Arrivato nella sessione di calciomercato estiva del 2024 dal Benevento, la sua è una di quelle storie che ci ricordano come non sia mai troppo tardi per farcela. Dopo l'annata 2023/24 passata a difendere i pali della "Strega" in Serie C, il suo arrivo doveva garantire una certa affidabilità, in caso di assenza di Vanja Milinkovic-Savic. Con la partenza del serbo il Toro ha immediatamente guardato sul mercato in che modo sostituirlo, puntando sull'ex portiere dello Sporting, Franco Israel. Dopo un avvio incerto ed un piccolo infortunio rimediato a fine ottobre, mister Marco Baroni ha scelto di buttare nella mischia dal primo minuto Paleari e quest'ultimo ha subito risposto presente. Nella gara d'andata col Genoa il numero uno granata fu assoluto protagonista con delle parate che gli hanno consentito di guadagnarsi il premio di man of the match, oltre che la titolarità.

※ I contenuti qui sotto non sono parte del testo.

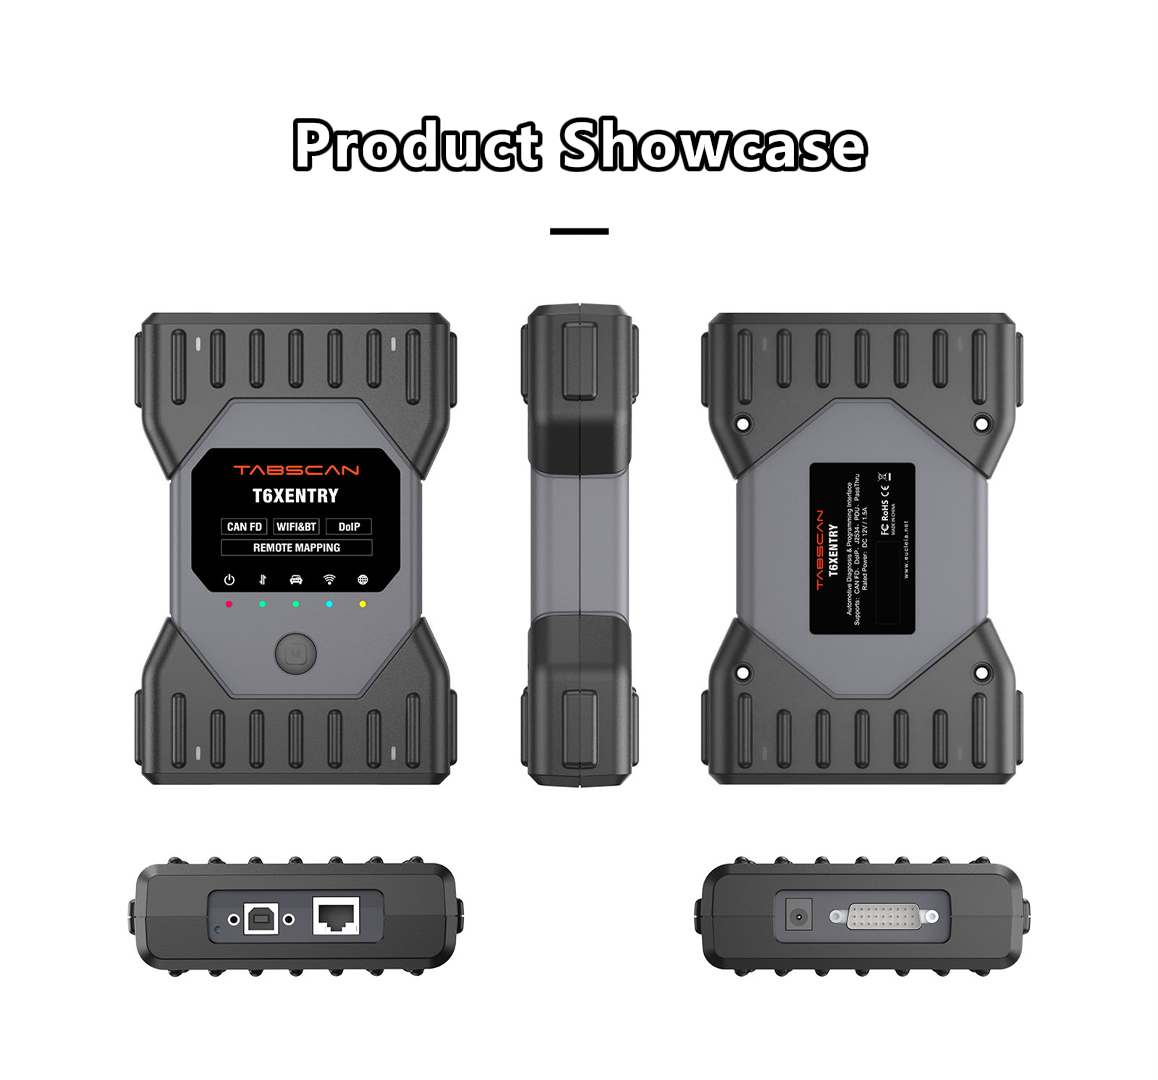 TabScan T6XENTRY C6 Diagnostic Tool

L'analisi dei dati di SofaScore non lascia spazio ad equivoci. In una stagione con più alti che bassi, la scoperta di una ritrovata affidabilità tra i pali ha segnato uno dei momenti migliori del campionato del Toro. Nelle 19 partite giocate (16 in campionato e 3 in Coppa Italia) Paleari ha subito 30 reti, con una media di 1.58 gol subiti a partita, ma ha saputo letteralmente incantare i tifosi salvandone molti altri. Le parate a partita su tiri da dentro l'area toccano quota 1.74, mentre il dato aumenta ancor di più se consideriamo tutte le parate a partita, con il dato che raggiunge quota 2.47. Se sui rigori c'è sicuramente margine di miglioramento, 2 su 2 incassati, la percentuale di parate sfiora il 61%, con questo valore che si riflette inevitabilmente sui 7 clean-sheet raccolti in stagione dal numero uno granata.
La partita in programma col Genoa questa domenica in casa del Genoa sarà sicuramente speciale per Paleari. La gara d'andata è stata quella che ha segnato la rinascita del numero 1 granata, visto il suo esordio tra i pali in stagione ma non solo. Il Genoa è infatti la squadra con cui il classe 1992 ha esordito in Serie A in quel lontano 30 novembre 2020, quando il Genoa ospitò il Parma, perdendo 1-2. Questa sarà quindi una sfida da ex e dai molti significati per lui, dove ancora una volta avrà la possibilità di mettere in mostra tutte quelle qualità che, nel giro di due stagioni, lo hanno visto passare dalla Serie C al palcoscenico più ambito nel panorama nazionale.